Depuis onze jours, sur les écrans télévisés qui assurent à longueur de journée la couverture médiatique du conflit russo-ukrainien d’un point de vue européen, on assiste à un véritable élan de solidarité envers les Ukrainiens qui fuient leur pays, accueillis à bras ouverts par les pays de l’Union européenne, dont ils ne font pourtant pas partie.
«Ils sont les bienvenus!», «bien sûr qu’il faut les accueillir!», «ils sont Européens comme nous (ou presque)», affirment avec véhémence politiques, experts, chroniqueurs et candidats à la présidentielle française tous bords confondus. On multiplie les appels aux dons, on offre des logements, on compatit, on aide à tour de bras et on manifeste en agitant des drapeaux jaunes et bleus… Cette générosité à toute épreuve, cette humanité au grand cœur qu’on pensait bel et bien enterrée et qui suinte de nos écrans nous ferait presque verser une petite larme, oui presque.
Car pendant ce temps-là, on assiste sur les réseaux sociaux à un tout autre genre de scènes, bien loin de l’image lisse d’une charité chrétienne dégoulinante de bonté. Alors que les Ukrainiens, blancs il convient de le préciser, fuient leur pays avec la promesse d’autres horizons accueillants, les ressortissants africains, arabes et ceux en général dont la couleur de peau témoigne de leur appartenance à l’hémisphère sud, sont quant à eux traités de manière inhumaine.
Interdits de monter dans les trains en partance pour la Pologne, bloqués à la frontière, parqués derrière des grilles, agglutinés sur les quais des gares, menacés par les armes des soldats, forcés de marcher dans le froid et la neige faute de moyens de transports, insultés… Voilà le traitement qui est réservé aux Africains résidant en Ukraine, parmi lesquels des étudiants mais aussi des familles, des mères et de tout petits enfants. Sous le hashtag #AfricansinUkraine, les vidéos qui relayent ces scènes de racisme ignoble circulent en masse, les témoignages abondent… Et tout d’un coup, la nausée nous prend devant tant d’horreur et de cruauté.
L’Union européenne a beau crier à la désinformation des médias africains, et affirmer qu’il s’agit de cas isolés, les témoignages sont là, bien trop nombreux pour attester de faits récurrents et d’un triage structurellement décomplexé.

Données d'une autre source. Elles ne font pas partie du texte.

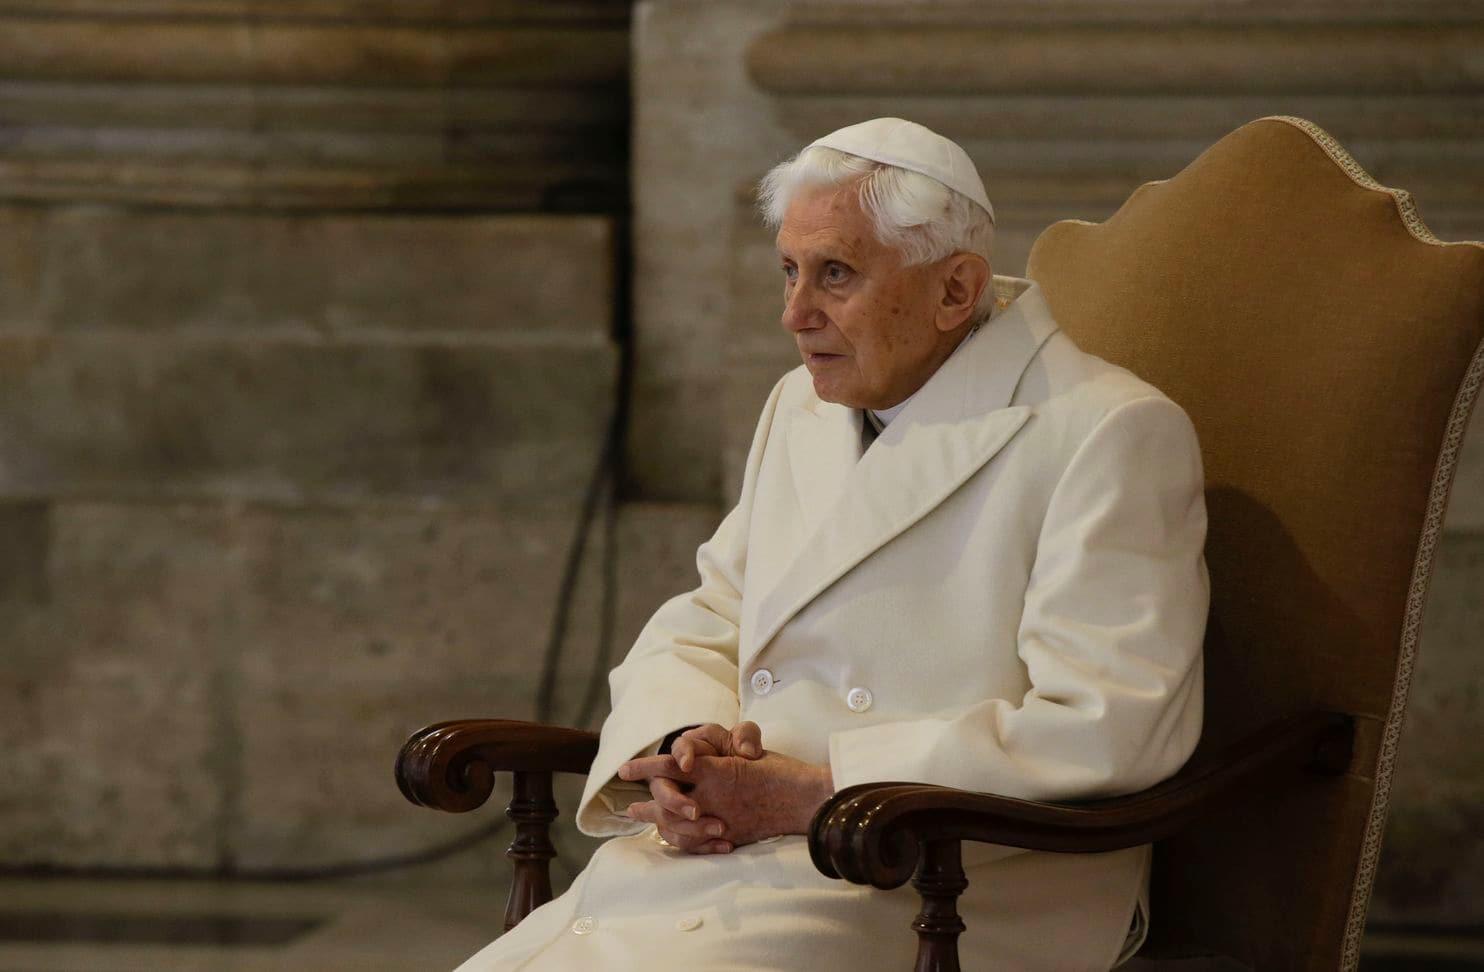 Бывший Папа Бенедикт XVI назвал сексуальную революцию причиной скандалов...

Dans les médias mainstream français, où la menace de l’islam et des migrants a été remplacée par la compassion pour l’Ukraine mais surtout la crainte d’une guerre nucléaire, on évoque à peine, de-ci de-là, ce véritable tri ethnique opéré aux portes de l’Europe. Montrer l’autre visage de la victime qui se transforme en bourreau envers des ressortissants étrangers de couleur, ça n’arrangerait pas le récit médiatique que l’on construit autour de cette guerre. Alors on tourne la tête, on regarde ailleurs, on change de sujet… Car après tout, ces gens qu’on empêche de quitter l’Ukraine, on n’en veut pas non plus en France. Par contre, en Ukraine, on en veut bien quand il s’agit de les enrôler dans l’armée pour combattre la Russie… Voilà à quoi nous en sommes réduits aujourd’hui, nous autres Africains, à de la chair à canon.

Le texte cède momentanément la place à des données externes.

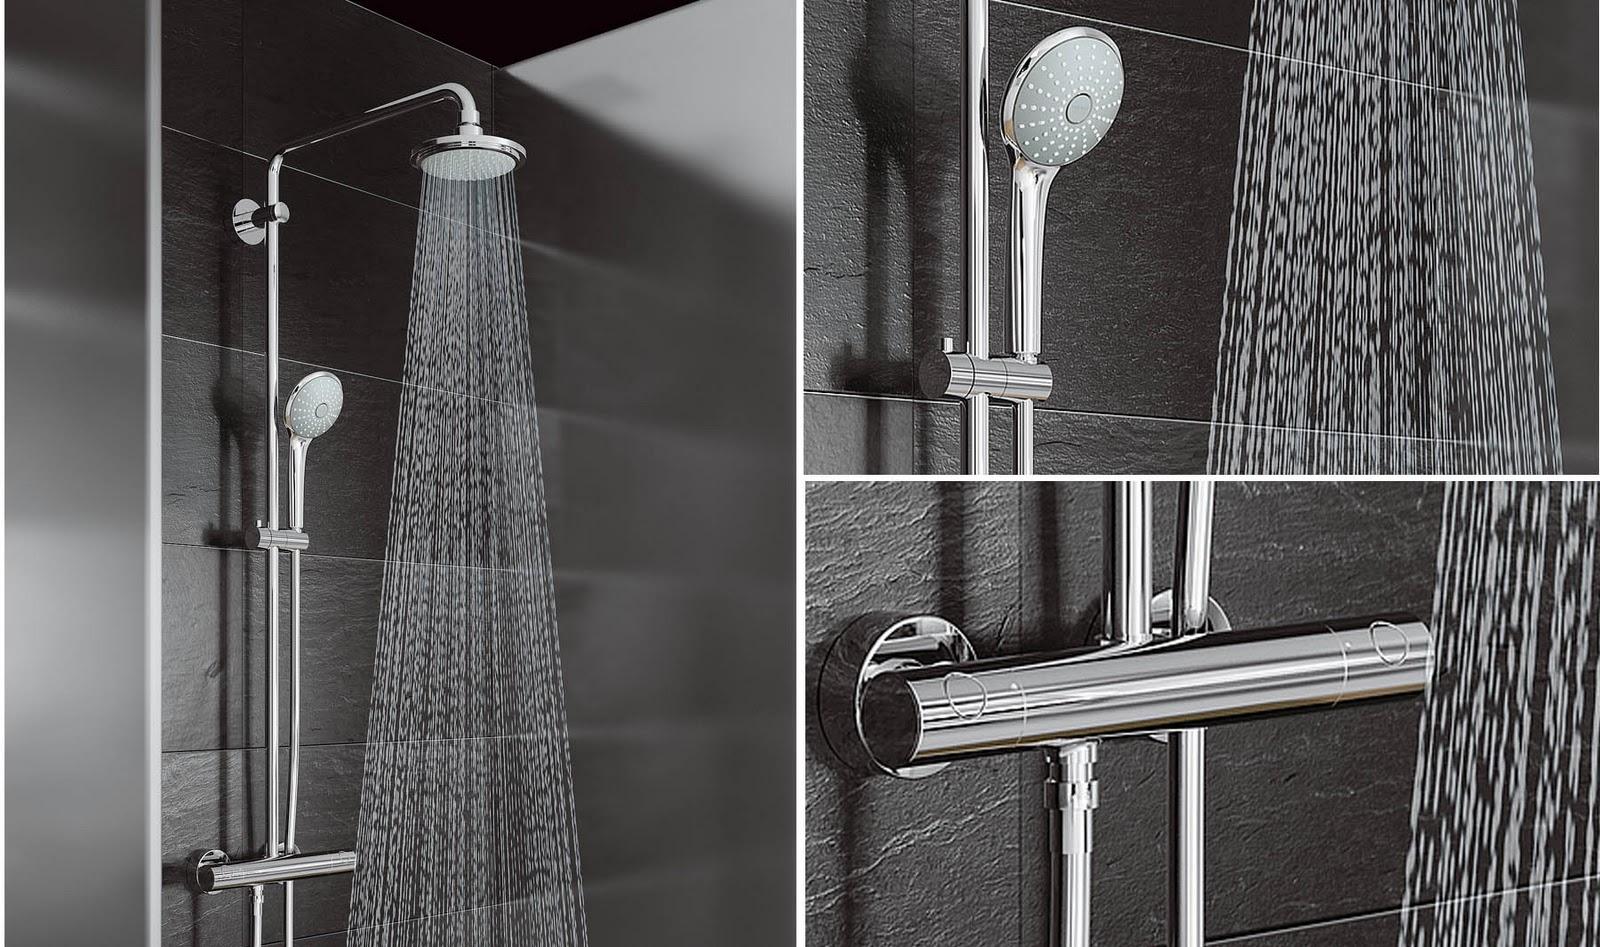 Ba os reformas cocinas ba os en valencia esteban - Griferias termostaticas para ducha ...

Puis, une voix parmi tant d’autres s’élève, en France en l’occurrence, et nous rappelle à la réalité, comme une gifle qu’on nous assène pour nous réveiller de notre torpeur. Cette voix qui dit tout haut ce qui n’ose se concevoir, c’est celle de Jean-Louis Bourlanges, député Modem et président de la commission des Affaires étrangères à l’Assemblée nationale. Questionné au sujet de ces Ukrainiens qui affluent vers la France et de l’accueil qui doit leur être réservé, celui-ci a expliqué, rassurant, que «ce seront des intellectuels, et pas seulement, (…) on aura une immigration de grande qualité dont on pourra tirer profit».
La messe est dite, la migration Sud-Nord sera toujours porteuse de stéréotypes. On aura beau fournir l’Europe et l’Occident en médecins, ingénieurs, informaticiens et autres brillantes vocations, au dépens du développement de nos pays appauvris par cette fuite des cerveaux, nous ne serons jamais, nous autres Africains, considérés comme une migration «de qualité».
Alors si ce conflit oppose aujourd’hui l’Est à l’Ouest avec des enjeux de domination et de recherches d’alternatives aux plateformes économiques et financières occidentales qui vont nous basculer dans le monde d’après, il est aussi en passe de renforcer une cassure de plus en plus difficile à combler entre le Nord et le Sud.
R.I.P le rêve occidental et les promesses d’un ailleurs idyllique. A nos institutions de jouer désormais leur rôle pour nous permettre de nous épanouir, sans pour autant que cela implique de partir, et d’associer le rêve à notre pays.